Complex Data Work? I Hand It to Claude Cowork

Combing messy data into an ordered result

I had a data-cleanup job on my hands: three sources that needed to be reconciled. The same thing was named differently in all three, the fields didn’t line up, and on top of that sat a pile of judgment rules only someone who knows the business would know. The end product had to be something usable, and it had to be handed off so a colleague could run it themselves later.

Done the old way, that means translating the rules into code one at a time, debugging, getting it to run. Optimistically, most of a month. This time I used Claude Cowork, the mode in Anthropic’s desktop app that actually does things on your computer, and it was sorted in a few hours. Fast, and accurate.

Let me walk through what it actually did.

It cleans up the data itself, instead of telling me how

This is the biggest difference from a normal chat.

Ask a chatbot how to reconcile three tables and it gives you an approach and some code snippets, then you go assemble it yourself. Cowork doesn’t work like that. You connect the folder where the data lives, and it actually reads your files, runs the computation, and writes the result into a file for you. I dropped a few raw files into a folder it could access, told it to run the comparison, and about ten minutes later the result was sitting there. The step that always used to eat the most time, turning logic into a program that runs, it just took care of.

It worked out the rules and the differences for me

This is the most valuable part, and the part that used to give me the most grief. Break down what it did and it comes to a few things.

First it figured out how the three sources line up: what the same item looks like in each place, and which fields you can use to match them.

Then it set the matching rules one at a time. Which fields count as the same thing. How far two numbers can sit apart and still count as a match. How to fold together names written in different ways. There was one metric where one source had a round number the manufacturer typed in and another had a measured decimal, always off by a fraction. At first the rule was too strict, so anything off by a hair got flagged as a mismatch, and a whole swath of things that actually matched showed up as differences. I told it the two numbers come from different methods and a small gap is normal. It changed the rule, reran, and listed out which entries flipped from mismatch back to match so I could check them.

Last, it counted up the differences and sorted them: how many lined up exactly, how many didn’t, and for the ones that didn’t, which field they differed on, by how much, and how many of each. One table, and you can see at a glance what’s usable and what still needs a person to look at.

Name normalization alone was a slog. One source in all caps, another mixing cases. One in Chinese, another in an English abbreviation. Spaces, punctuation, full names and aliases that don’t match. Every time I spotted a new variety I’d mention it and it would add a rule. There was a batch of seven hundred-odd entries that wouldn’t match at first. Grinding through them one type at a time got it down to about ninety that genuinely aren’t in the other source, the ones nothing could save.

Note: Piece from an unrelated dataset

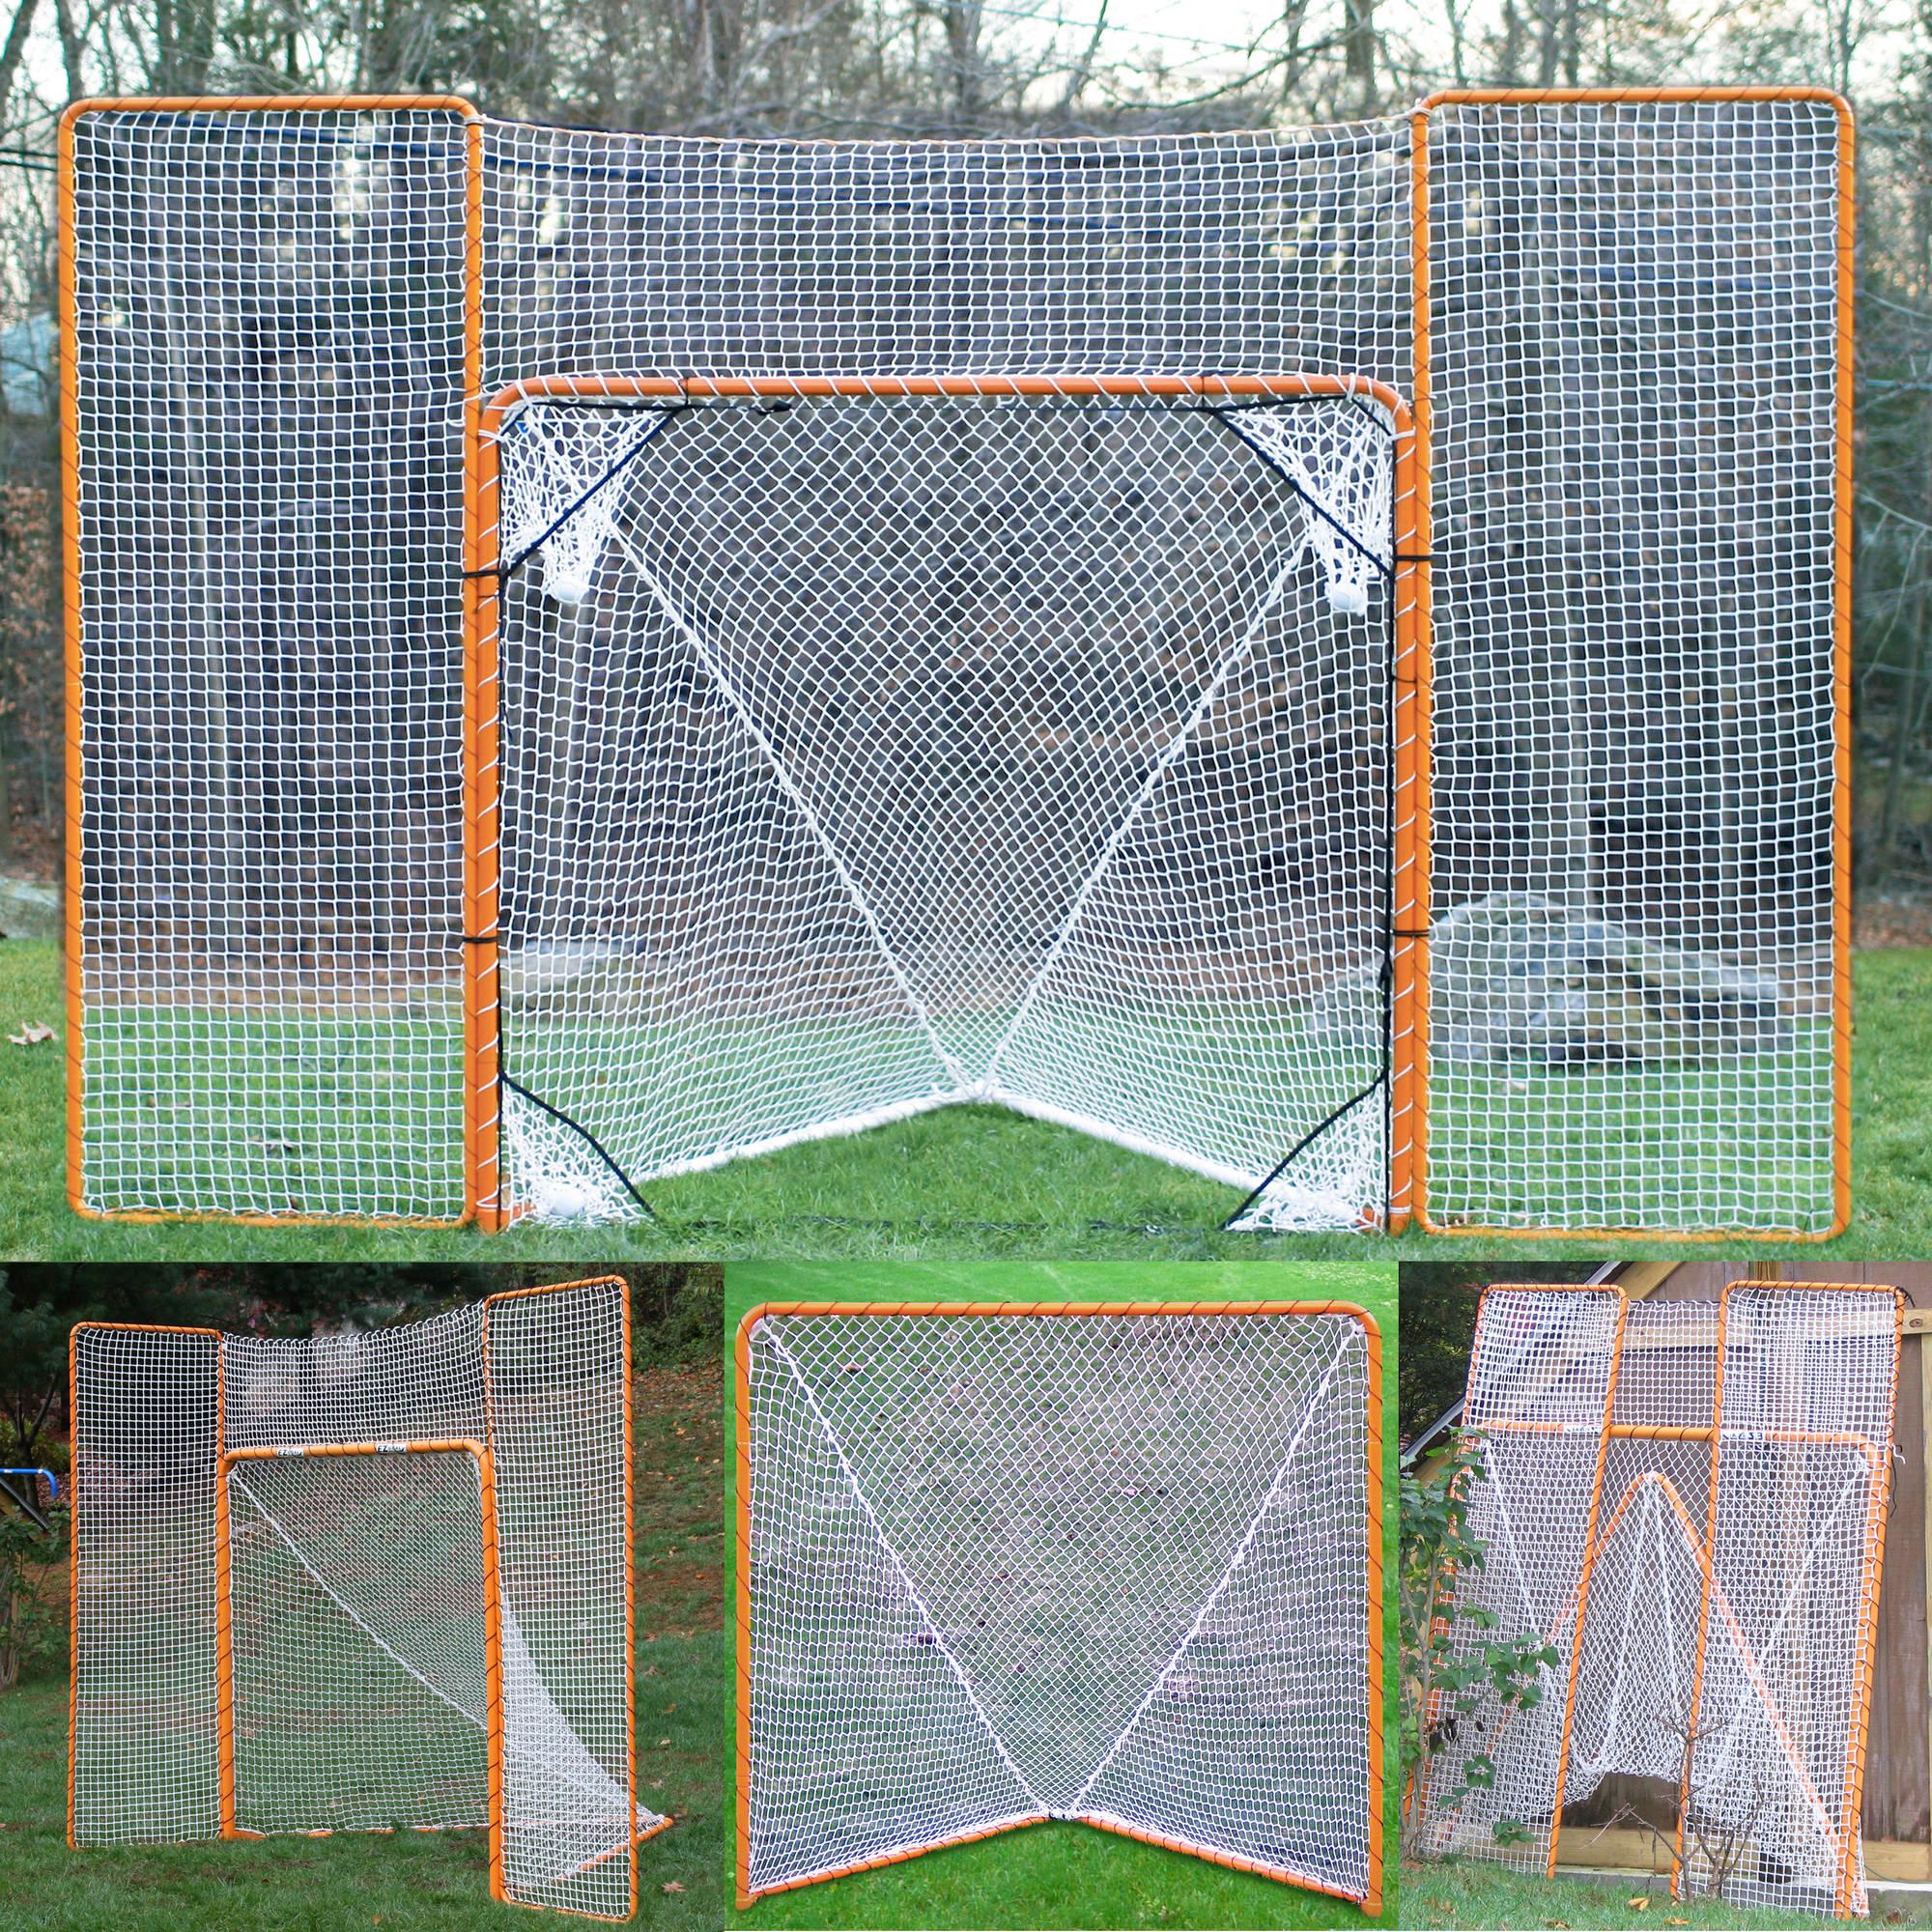 EZgoal Monster 6' x 6' Official Regulation Folding Metal Lacrosse Goal Net with 11' x 8' Backstop Rebounder and 4 Net Pocket Targets

It makes mistakes too, so you can’t walk away

It wasn’t all smooth. One time I told it to loosen up the name matching and it overshot, jamming a record onto another one that had nothing to do with it. A few other times we went in circles over the same counting definition. It would compute it one way, I’d say no, it would switch, then it wouldn’t line up with another reference, and we’d adjust again.

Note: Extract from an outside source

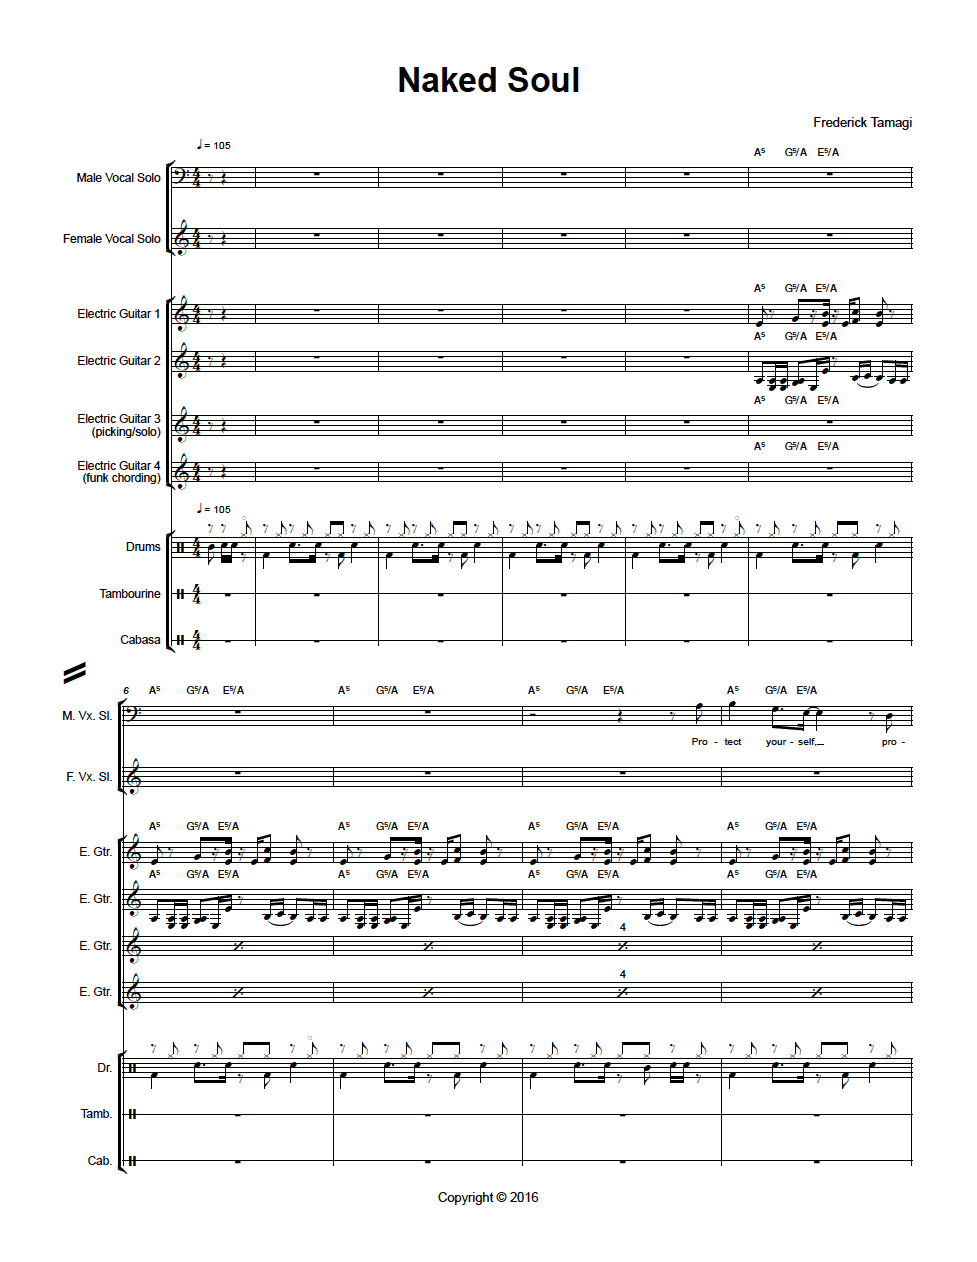 Music Transcription Service

If anything, that’s what convinced me the split is right. It does the work and it brings the speed, but the calls that matter stay with you. I caught the bad match by eye while spot-checking. How to define the count needs someone who knows the business to decide. It’s fast, but the one making the call still has to be me.

A one-off job becomes something reusable that runs itself

If it had only produced a correct result, Cowork would just be an efficiency tool. What made it feel like more were the two things that came after.

One, it can be saved and reused. The logic eventually has to go to a colleague to maintain, so I had Cowork pull every rule out into a config file that someone who doesn’t code can edit: the tolerances, the name mappings, the criteria for a match. It split the core algorithm apart from the file reading and writing, added documentation and a thirty-second quick-start, and packaged the whole thing up with sample data. In Cowork this kind of reusable capability can be saved as a Skill, so next time a similar job comes up I can just call it instead of explaining everything from scratch.

Two, it can run on a schedule by itself. This job isn’t done once and finished. Every so often there’s new data to reconcile. In Cowork you type /schedule, set a cadence, and it opens its own session, runs the whole comparison, and drops the result into a folder. I went from running it by hand each time to opening it and reading the result. One catch worth remembering: scheduled tasks only run while your computer is awake and the app is open.

In the end

The same problem, a while back, I’d have had to brute-force with code. Optimistically most of a month, and not necessarily clean. This time it was done in a few hours, and I’m genuinely happy with how it came out.

The change isn’t about who writes the code. It’s that the gap between having the rules clear in your head and having a result you can use has shrunk to almost nothing. It does the grunt work. It grinds through the long tail with you. And when it’s done, it can be saved as a Skill and set to run on its own. The rest is on you: get the rules clear, and make the call wherever it can’t.